Хочется также для иллюстрации наших поисков общения с евреями Запада рассказать один эпизод с “похищением” еврея-иностранца. В 1968 году в Одессу приехал еврейский студент (из Америки) Хилел Левин, и мы, увидев его в синагоге, организовали “киднепинг”: похитили его и увезли на машине от сопровождения КГБ. Трудно описать радость встречи небольшой еврейской группы (не всем можно было доверить эту тайну), с ним. Он говорил, а мы впитывали каждое слово. Потом и мы рассказали ему, как нужны нам книги и материалы об Израиле для подъема волны еврейского духа. Он нас понял и заверил, что сделает все: пойдет в Сохнут и в Министерство Иностранных дел Израиля, пойдет к членам Израильского правительства и организует нужную нам помощь. Мы были счастливы: наконец-то нам обещали нечто конкретное!
Но мы ничего не получили. А с Хилелем Левиным мы встретились следующий раз уже в Израиле, но об этом ниже.
Читатель уже, очевидно, видит, что мы пытались что-то сделать в СССР и приехали в Израиль с надеждой сделать еще больше. Мы надеялись объяснить нашему правительству, как надо организовать помощь евреям СССР, как помочь алие из этой страны, где большинство евреев мечтают о том, чтобы вырваться на свободу.
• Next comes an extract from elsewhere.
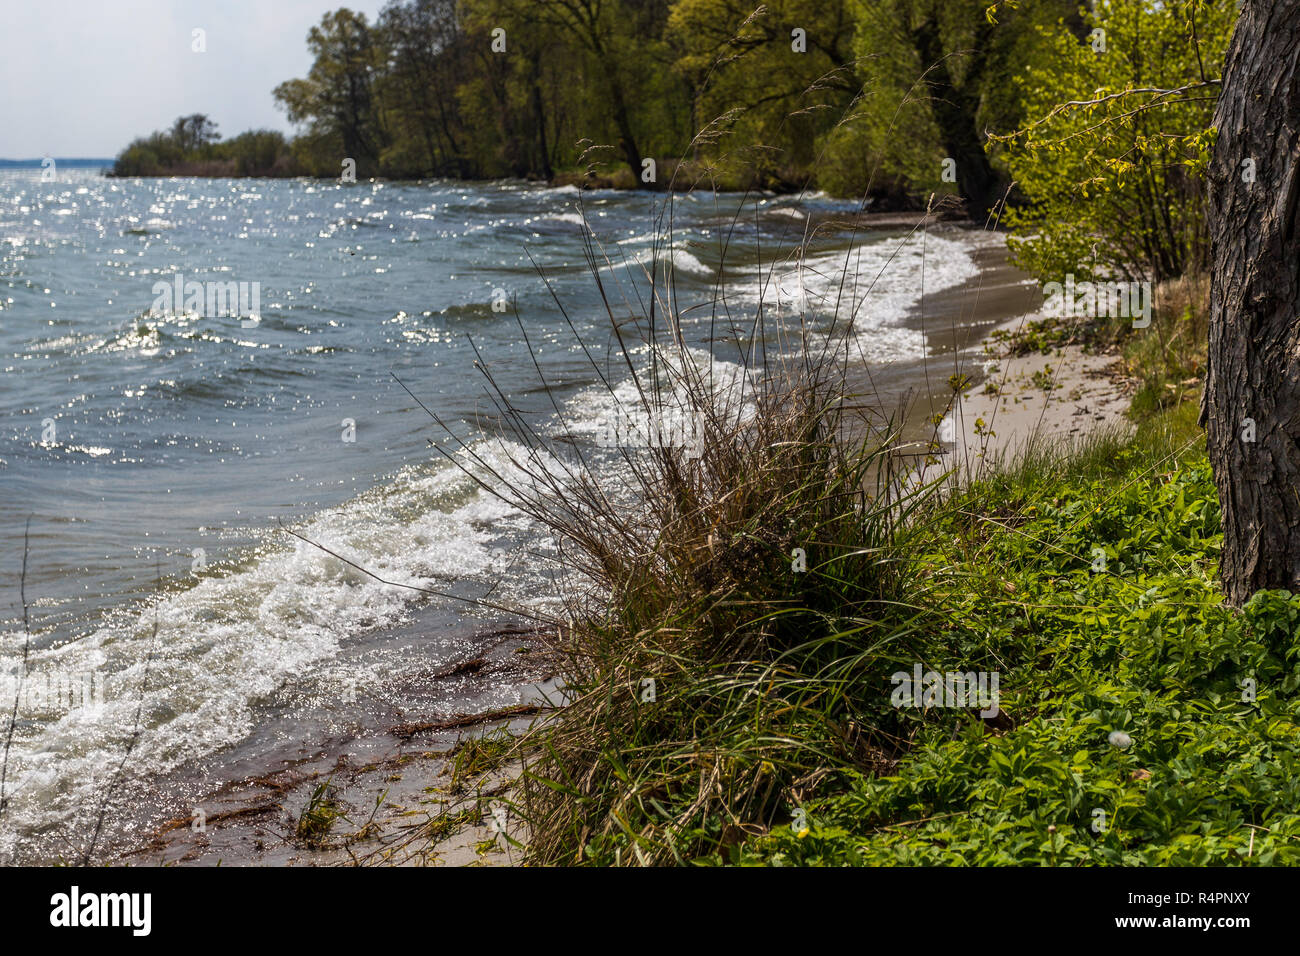 lake müritz - Stock Image

Мы считали, что наша задача – лишь объяснить, и нас немедленно поймут и все сделают, и что не давали нам помощь лишь потому, что не понимали раньше, насколько эта помощь необходима, но вот теперь!..
И вот я на земле Лода: “где тут земля без асфальта, чтобы поцеловать ее?” – а меня уже обнимают друзья, и все мы плачем: свершилось ведь, доехал! Один из незнакомых, встречающих меня, представляется как ответственный сотрудник МИД Израиля, и я сразу спрашиваю: “Вы получили открытое письмо к еврейству мира, посланное из Харькова Хаимом Спиваковским?” – “Да”. – “Почему же оно еще не опубликовано в прессе?” Я спрашиваю об этом в горячке первых минут, так как Х. Спиваковский и Вилли Свечинский – активнейшие друзья – провожая меня в Москве, просили немедленно узнать о судьбе этого обращения. Ведь это было время лишь начала открытых обращений евреев к свободному миру, и каждое такое письмо грозило арестом автору. Единственной защитой была публикация такого письма на Западе – тогда власти СССР уже опасались общественного мнения. Но чиновник нашего МИДа говорит: “Это было бы опасно для Хаима Спиваковского, если бы его письмо появилось бы в печати на Западе”. – “Нет! Это его единственная защита от КГБ. Публикация необходима!” – Чиновник делает непонимающие глаза...
Возле меня стоят ранее приехавшие мои друзья: Хавкин, Рубин, Словина – они явно довольны моим настоянием на опубликовании письма. По дороге в Иерусалим на меня обрушивается поток объяснений, смысл которых сводится к следующему: все попытки быть активными в Израиле в деле помощи евреям, оставшимся в СССР, натыкаются на глухую стену сопротивления властей. И это не стена непонимания: в МИДе сидят умные люди, Но у них свое мнение: “Евреям СССР можно помочь в деле выезда только при помощи “тихой дипломатии”, активность мешает”, – это убеждение главенствует.
Но я еще не верил: это не укладывалось в сознании. Невозможно, чтобы умные люди во главе с таким опытным человеком, как начальник русского Отдела МИД Израиля Н. Леванон, не поняли, наконец, свою ошибку. Им нужно терпеливо объяснять, что психология властей СССР – это психология внутренних рабов, боящихся только силы и напора, уважающих только силу активного наступления и удара. Что попытки убеждения и разъяснения, принятые на Западе, вызывают у властей СССР лишь убеждение, что просящий слаб и не может требовать, а потому нет нужды ему уступать.
Не одну неделю, не один месяц потратил я на то, что ходил и разъяснял все это членам Кнессета и высокопоставленным чиновникам нашего МИДа, начиная с Н. Леванона. Мне редко возражали. Но меня не слушали: я видел это по выражению глаз. Говорить мне разрешали лишь из вежливости к человеку, о котором знали как об активном в России.
Тут уместно вспомнить о причинах, по которым нам послали в СССР фильм не об Израиле, а об арабских рынках. В одном из разговоров я спросил об этом, и получил ответ: “Это было бы опасно для вас”. Объяснение это звучало для нас абсолютным абсурдом: мы-то знали, что любой фильм из Израиля грозил нам тюрьмой, но мы шли на этот риск ради того, чтобы иметь фильм об Израиле, а не об арабах и их рынках...
Время шло. Из СССР приходили легальные и “левые” письма с просьбами и требованиями о помощи, о литературе, и с обвинениями – “уехали и сидите без дела!”